Personal information
- Nickname: Srele
- Nationality: Serbian
- Born: 15 February 1958 Priština, PR Serbia, FPR Yugoslavia
- Died: 28 September 2016 (aged 58) Požarevac, Serbia
- Height: 1.75 m (5 ft 9 in)
- Weight: Welterweight

Boxing career
- Stance: Orthodox

Boxing record
- Total fights: 498
- Wins: 480
- Losses: 18

Medal record
Men's Boxing
Representing Yugoslavia
European Amateur Championships
| Silver medal – second place | 1979 Cologne | Welterweight |

= Sreten Mirković =

Serbian boxer

Sreten Mirković (Serbian Cyrillic: Сретен Мирковић; 15 February 1958 – 28 September 2016) was a Serbian boxer.
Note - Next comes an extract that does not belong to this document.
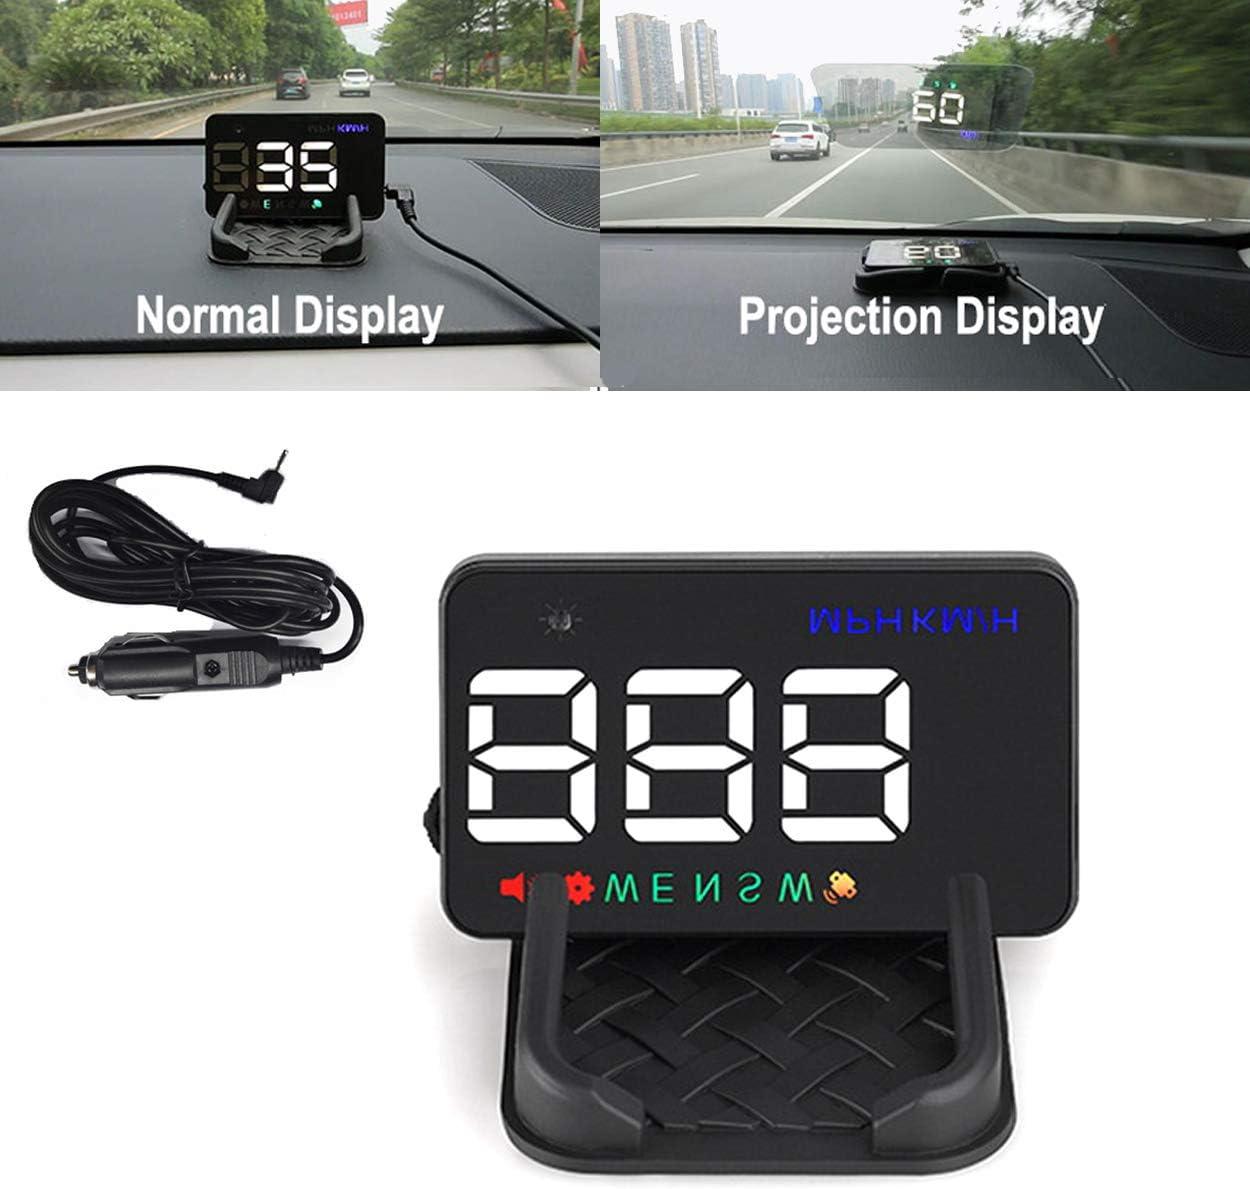 YUGUIYUN HUD Head Up Display para Coche A5, GPS Digital Velocímetro KMH/mph con Función de Alarma Aviso de Velocidad Coche Parabrisas Proyector

He had been referred to as a "legend of Serbian boxing".

==Career==
In 1979, as a member of the Mladi Radnik Sports Society from Požarevac, Mirković won the silver medal at the European Amateur Boxing Championships.

===Coaching===
Mirković was a coach in the Kostolac Boxing Club and was a coach of the Mladi Radnik Boxing Club in Požarevac.

==Death==
Mirković died of lung cancer on 28 September 2016 after a long illness. He is interred in the Požarevac Old Cemetery.